I just tried to unlock my house with the car remote
I misunderstood what a threesome is. Please come pick me up.
i just rememebered i spent like 5 minutes on the ground warming some chicks toes.
No one intentionally makes bad decisions, just errors in judgement. You have your boyfriend I have a restraining order from universal studios. It's all relative
I cant. There's fences everywhere and I think I have a boyfriend. Its fabulous.
I just wanted to give you a heads up. There's a crab in the kitchen. He doesn't have a name yet. We are just calling him crab for now. Oh! and we have memosas!
Our cab driver looks like Kim Jong il, and you're missing a fascinating conversation about Katie wanting to be carbon dated.

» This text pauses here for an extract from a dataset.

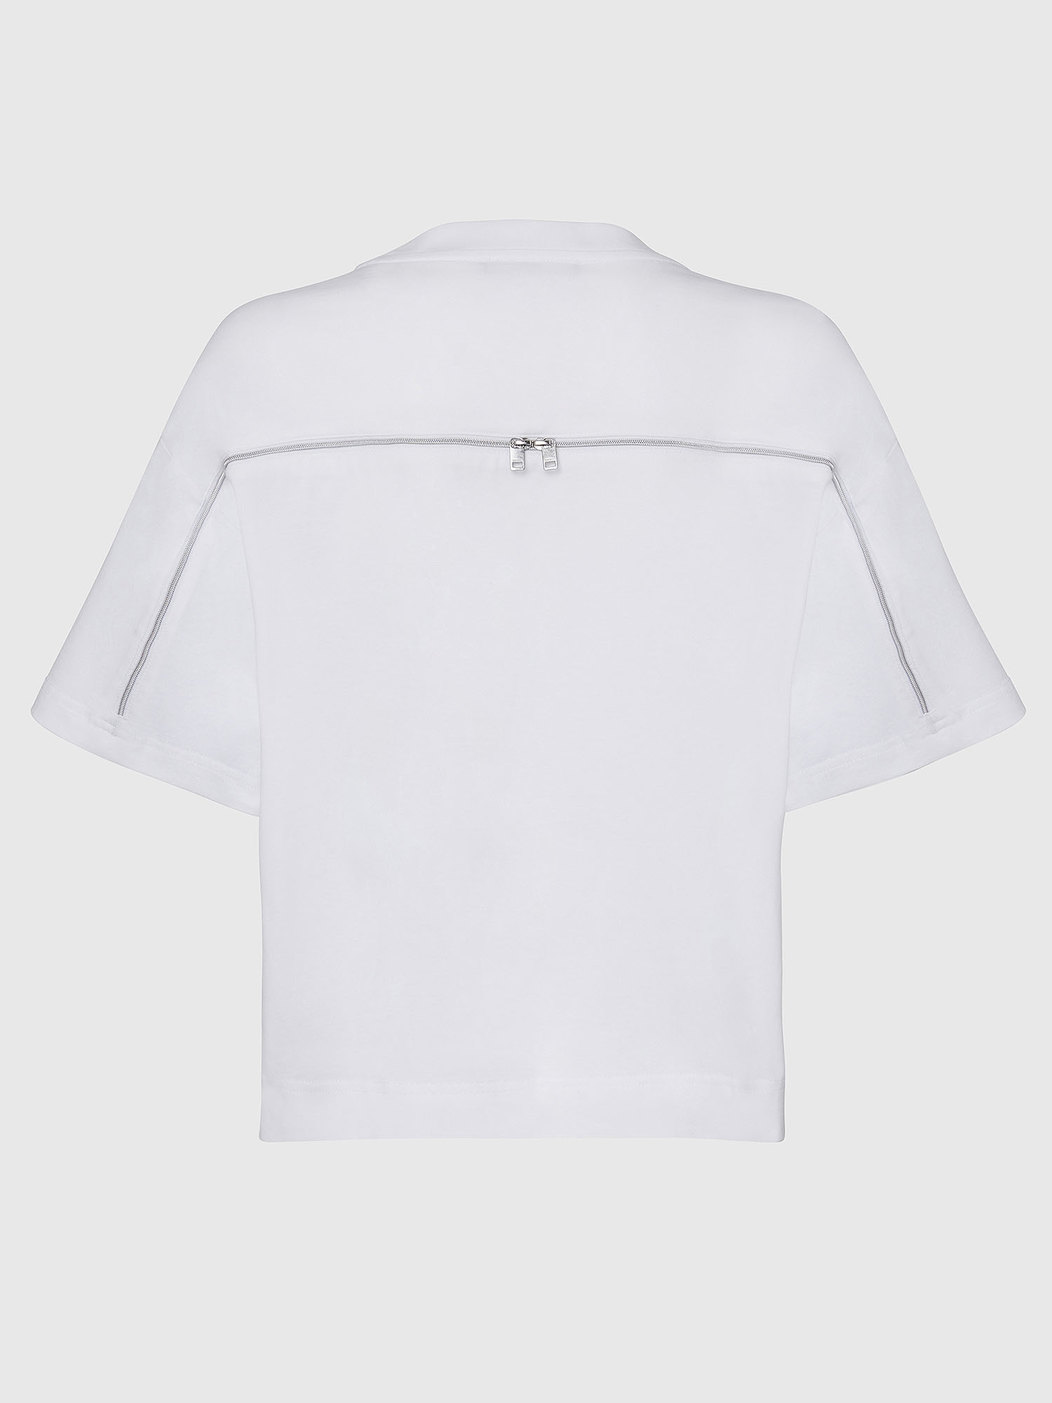 T-Shirt With Trompe L'Oeil Necklace

Drug-sniffing dog walked past me and my suitcase in the train station. My opinion: they need a new dog
You told me you aren't worried about the police that you've been training for this an that the last three months of your life have been devoted to building up your stun gun tolerance and pepper spray recovery time.
Top hats and gin. This is why I love day drinking.
PA to anyone at the party last night and wondering where your pants are: they are in my backyard.
And thanks to you I'm pretty sure I'm banned from every qdoba in south carolina. And cab company
So my furniture is upside-down, two lamps are glued to the ceiling, and there is a kitten sleeping on Kyle's face. Please tell me what happened last night....
Soooo, hypothetically, how long would roommates have to sleep together before its considered dating...
Dude, I just masturbated with my cat sleeping on my boobs....
You have GOT to get this crazy cat lady thing under control. I'm finding you a man. And you'll take him, and thank me. After that text, you have no right to be picky.